I have never realized the peculiar nature of zaru-soba, zaru-udon, and somen until I started getting interested in noodles produced in other countries. The format of having a relatively concentrated sauce on the side to dip the noodles into does not seem to have too many parallels in other cuisines.

But it makes a lot of sense. Unlike soup noodles, which often results in leftover broth, not too much of the broth goes to waste because of the smaller quantity necessary for the dish. This characteristic of dipping noodles makes them ideal for people who cannot bear draining leftover broth down the drain. Since the money I receive looming over copying machines for professors barely support my eating and drinking habits, dipping noodles are something that I turn to quite often.

However, since my financial situation in Japan was somewhat similar to my current one, I rarely had a chance to eat ramen. Also, the sheer quantity of information about ramen places in Japan is enough to discourage anybody. For the rare special occasions when I allowed myself to eat food outside, I usually stuck to Kumakichi, a ramen place in Suita, Osaka, that maintains a low price point while serving extremely heavy broth and mouth-numbing homemade kimchi that creates the sensation that your anus is panting.

So I was overjoyed upon finding that Kumakichi started serving tsukemen:

Lovely stuff.

The first thing I noted was the briny quality fo the broth. It had an almost overpowering taste of fish broth, mixed with hints of pork, maybe chicken broth. The broth contained bits and pieces of char-siu braised pork.

To recreate the briny quality, I added a lot of nuoc mam and granulated fish broth. But I think you can do without nuoc mam and sub it with soy sauce instead. 

Since I was too lazy to make char-siu from scratch, I just sauteed onions and bits of pork.

So what you do is fry up some onion and pork, throw in a lot of minced garlic, and when the garlic starts to smell pretty good, throw in some nuoc mam or any other fish sauce. Add water, throw in a good portion of granulated fish broth (I use hondashi because of time and budget constraints) about two teaspoons for each serving, and add some chinese chicken broth powder, about a teaspoon or so. When its done, throw in a whole lot of sesame seeds, and add some sesame oil or chili oil. The oil is essential here, since the layer of oil functions to keep the temperature of the broth relatively high. Or so they say.

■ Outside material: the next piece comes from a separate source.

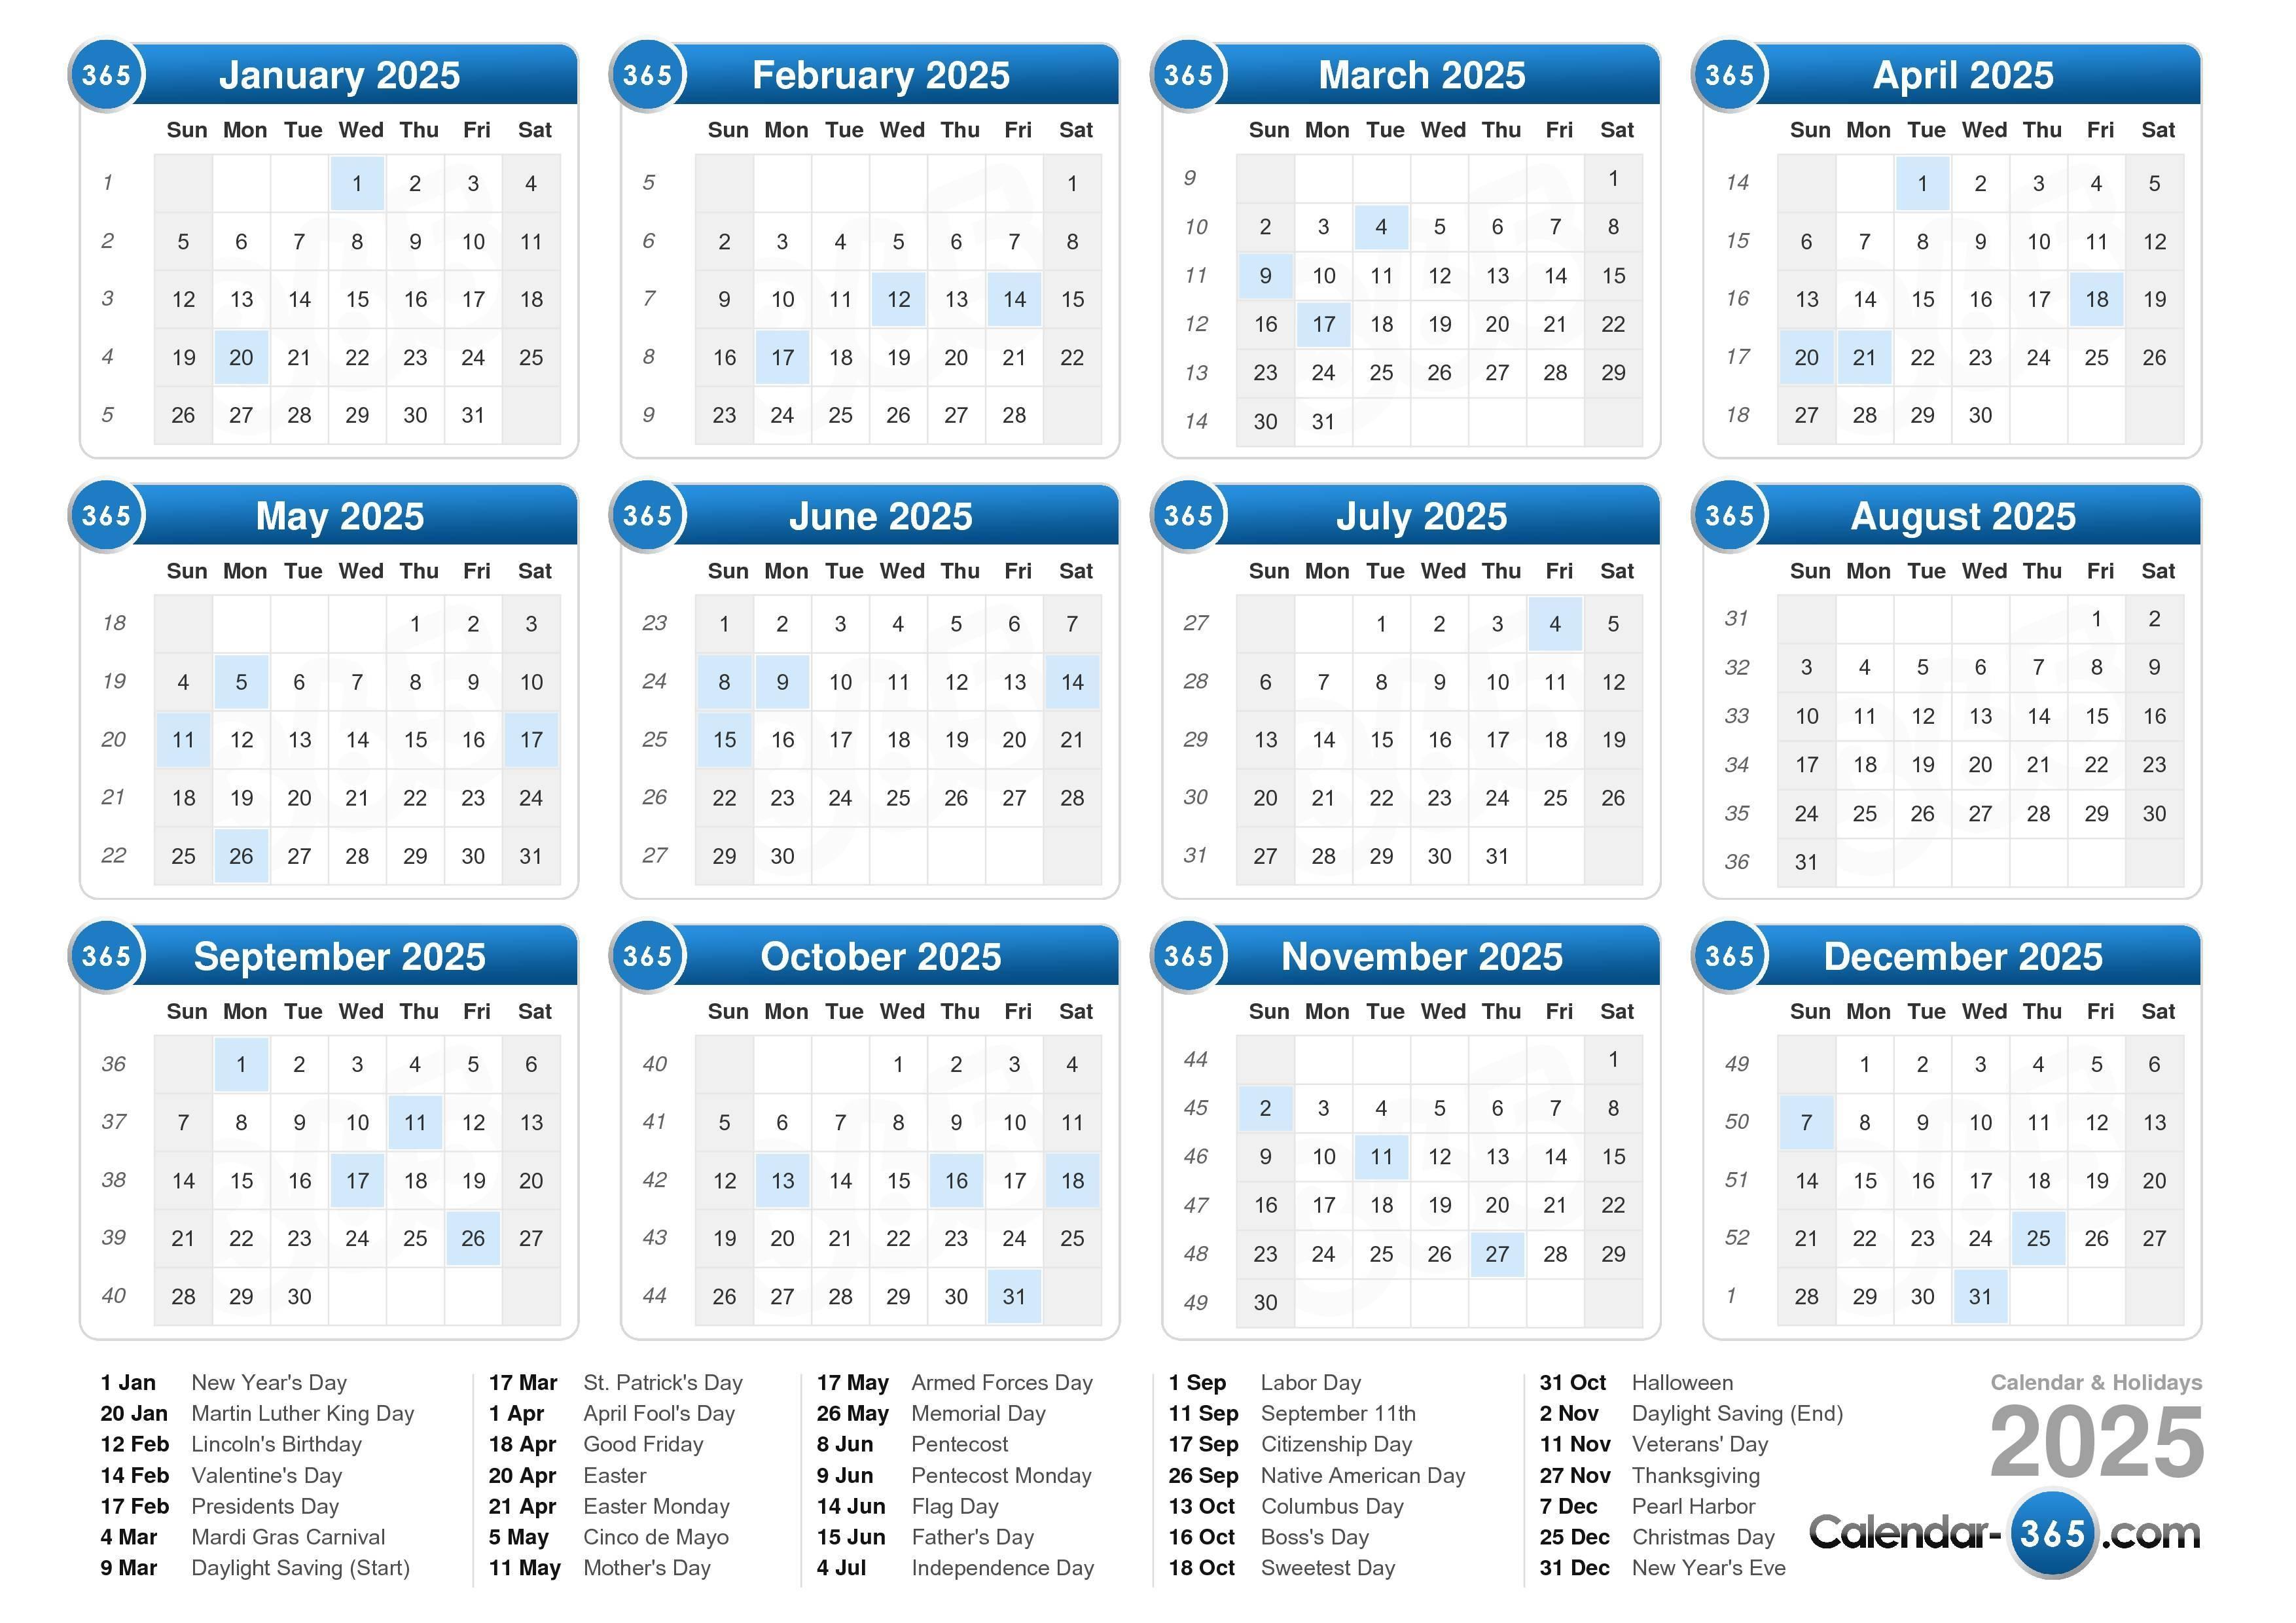 Online Calendar 2025 With Week Numbers

This is Japanese junk food, so don’t worry about chemical additives or MSG or artificial flavorings or the like. You can make char-siu and throw in some bonito flakes to the leftover stewing liquid to make a more “natural” version, but, well, its a lot of work.

Also, a lot of ramen places offer you some lightly flavored broth that you can mix with the leftover tsukemen sauce to drink as a soup. However, I have no idea what goes on in those brothy things, so you’re better off doing whatever than hearing my hypothetical theories.

Japanese pickled eggs and bamboo shoots will be great additions to this. The lack of Asian markets in my vicinity is the reason I do not have any of that going on.